I've been spectacularly bullish on the contact management of Windows Phone 7.5 and now 8. Windows Phone does a wicked job of integrating contacts across multiple different platforms, and it does it in a way that feels intuitive and makes migrating between phones much easier than it has been in the past.
If you've been an Android user, you'll be pleased to note that Windows Phone easily imports all of your Google contacts without a fuss. But Windows Phone can also pull contacts from Facebook, LinkedIn, Twitter, Hotmail, Yahoo, and Outlook.com, and it integrates them all into your contact list. If you have one person in multiple places, you can easily link their different networking profiles under a single heading; typically their photo winds up being whatever they're using in Facebook, which trumps whatever you've assigned before under your Microsoft account or under Google.
With 8, though, you can also group people under...well...Groups, oddly enough. On that tab there's also the Rooms functionality, which allows individuals within a Rooms group to share photos and calendars. It can work with other platforms, but it strikes me as the kind of feature that's too parasitic to really justify itself. Groups, on the other hand, allows you to assign individuals to specific groups and thus allow you to only see the social networking feeds of the people you've assigned to those groups.

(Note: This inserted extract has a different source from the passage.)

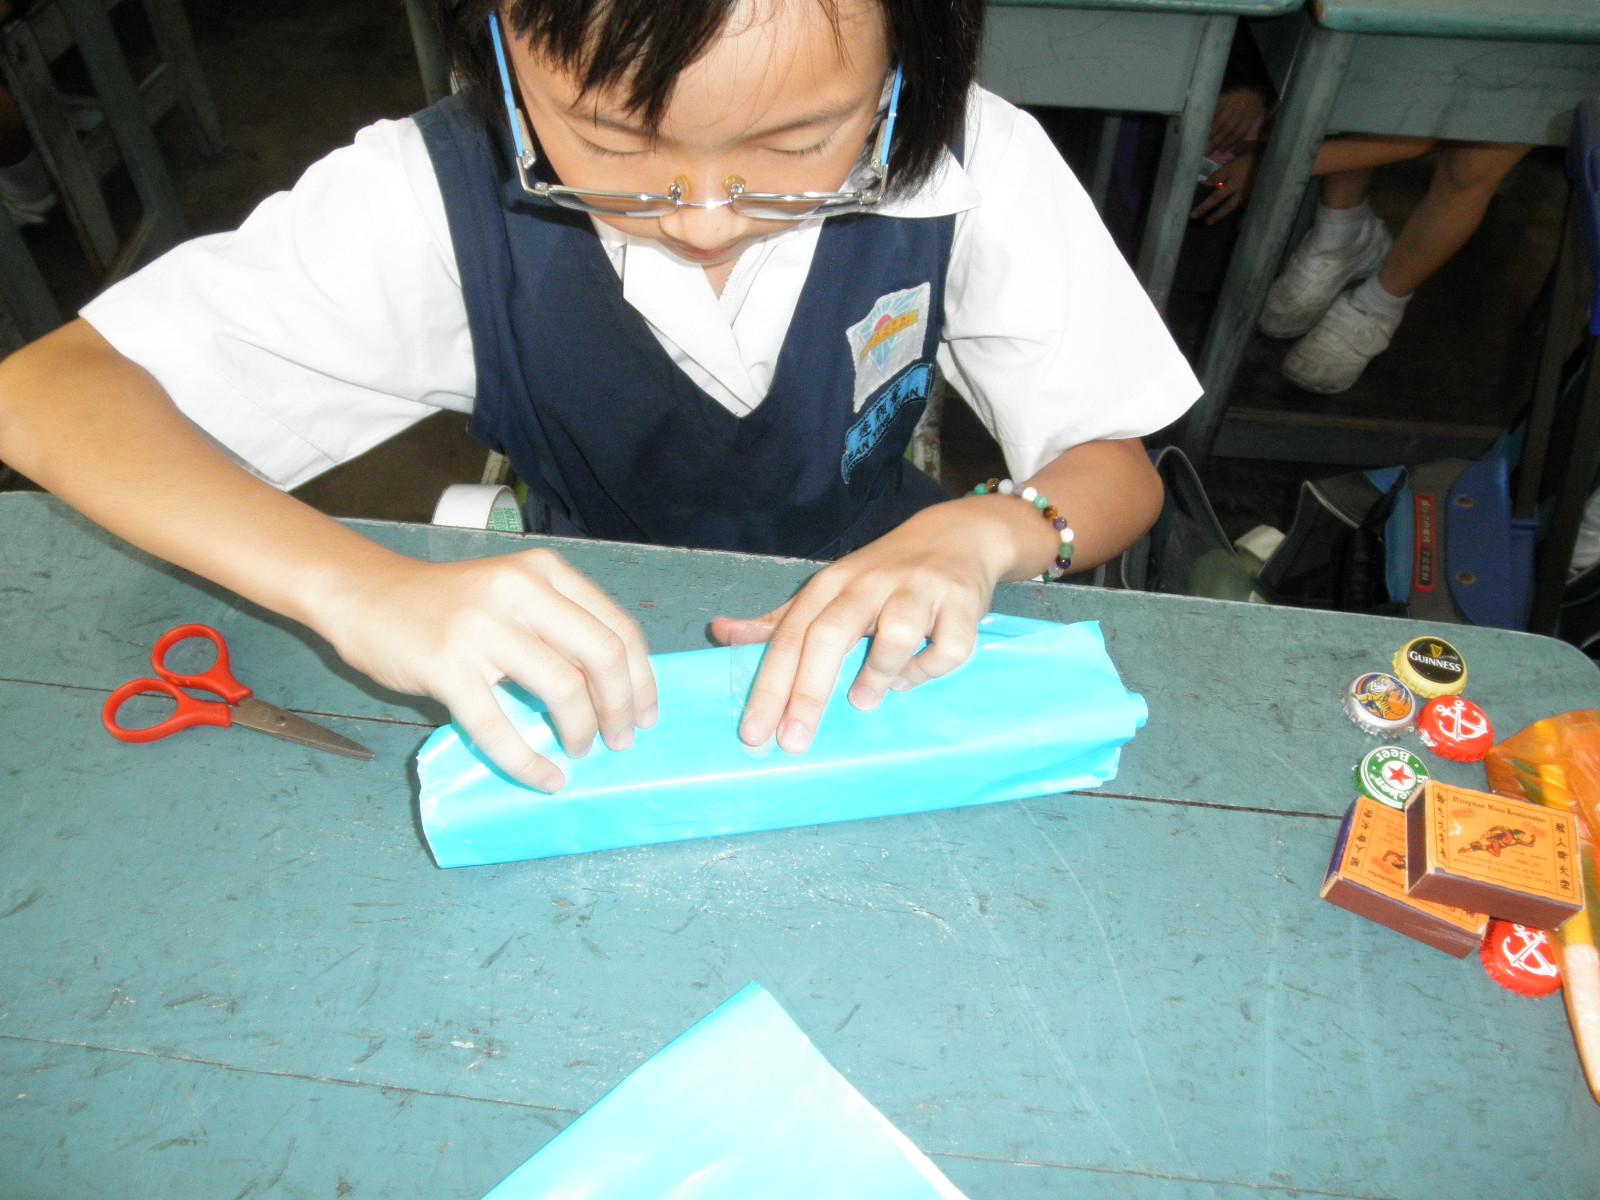 Murid meratakan gam dan membalut kotak menggunakan kertas warna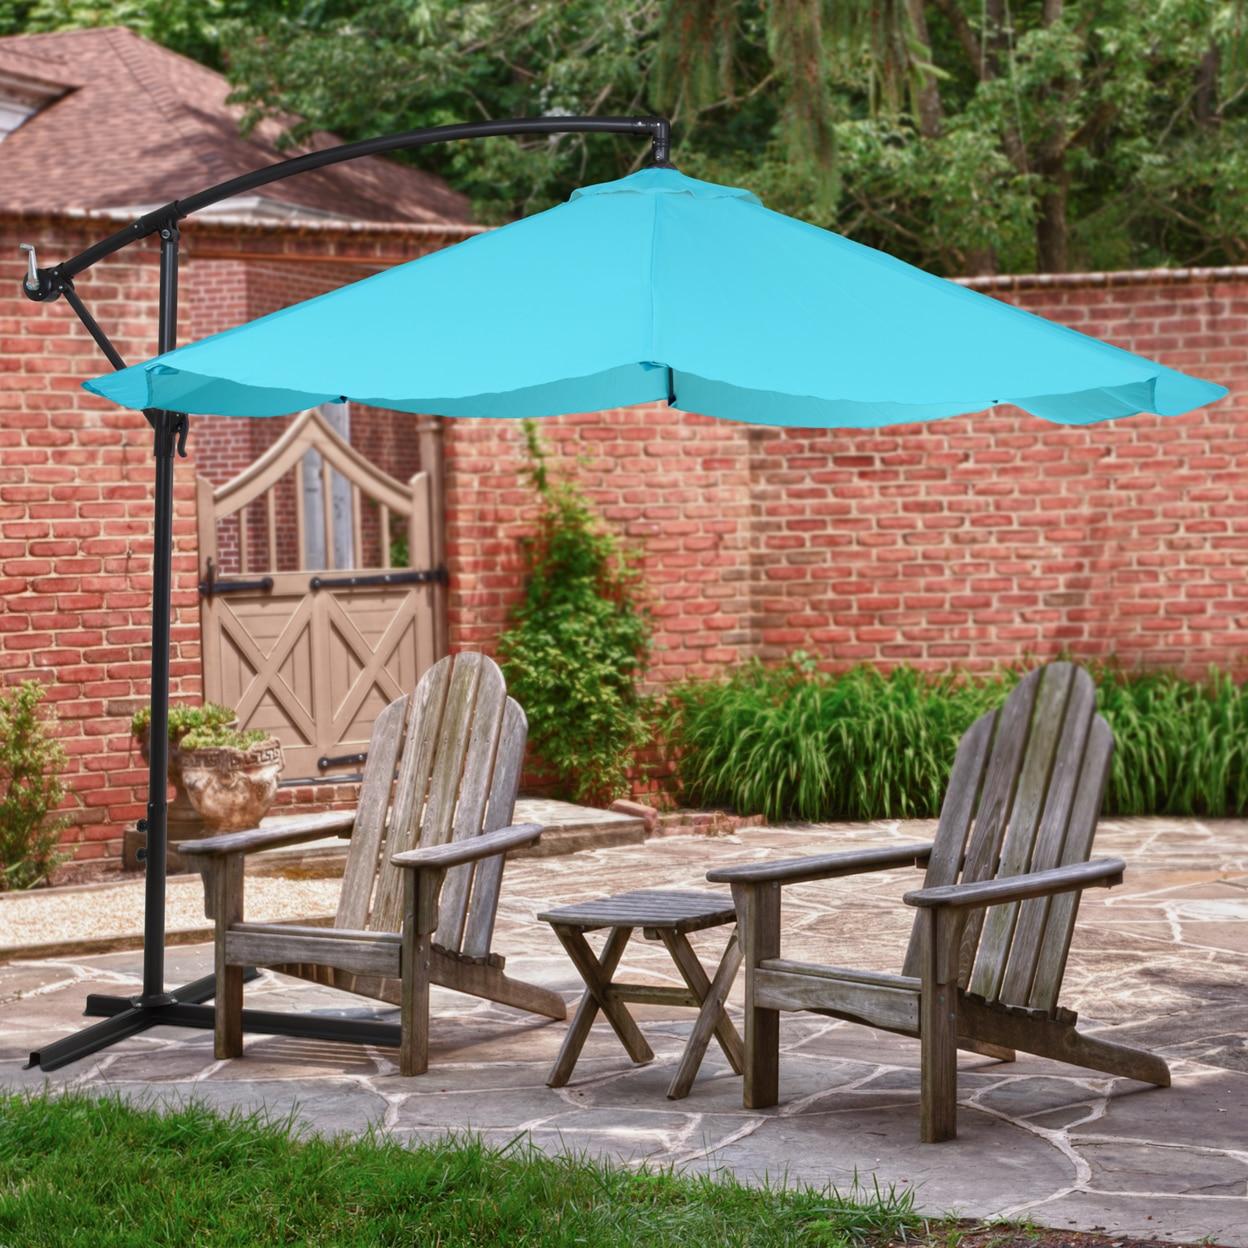 Pure Garden Offset 10 Foot Aluminum Hanging Patio Umbrella the hanging garden

Where I think Microsoft could stand to simplify the interface a bit more, though, is by integrating the "Me" section with the "People" (contacts) section. People handles your contact list, your Groups, and your social networking feeds, while "Me" shows you your own social networking feed, gives you the option of posting something to the social networks you've entered into the phone, and lists notifications of who's tweeted you or replied to one of your posts on Facebook.
The Messaging section has gone completely unchanged from Windows Phone 7. There are two pages here: one for text messaging, and one for online chat services. Unfortunately, the "Online" pane really only supports Facebook chat or MSN Messenger; support for additional protocols would be appreciated tremendously. Really this should be closer to a multi-protocol desktop application like Trillian.
The text messaging threads are easy enough to navigate, though. If you receive a text from a number you haven't assigned to a contact, it's also easy to tap the number and add it either to an existing contact or to a new contact entry.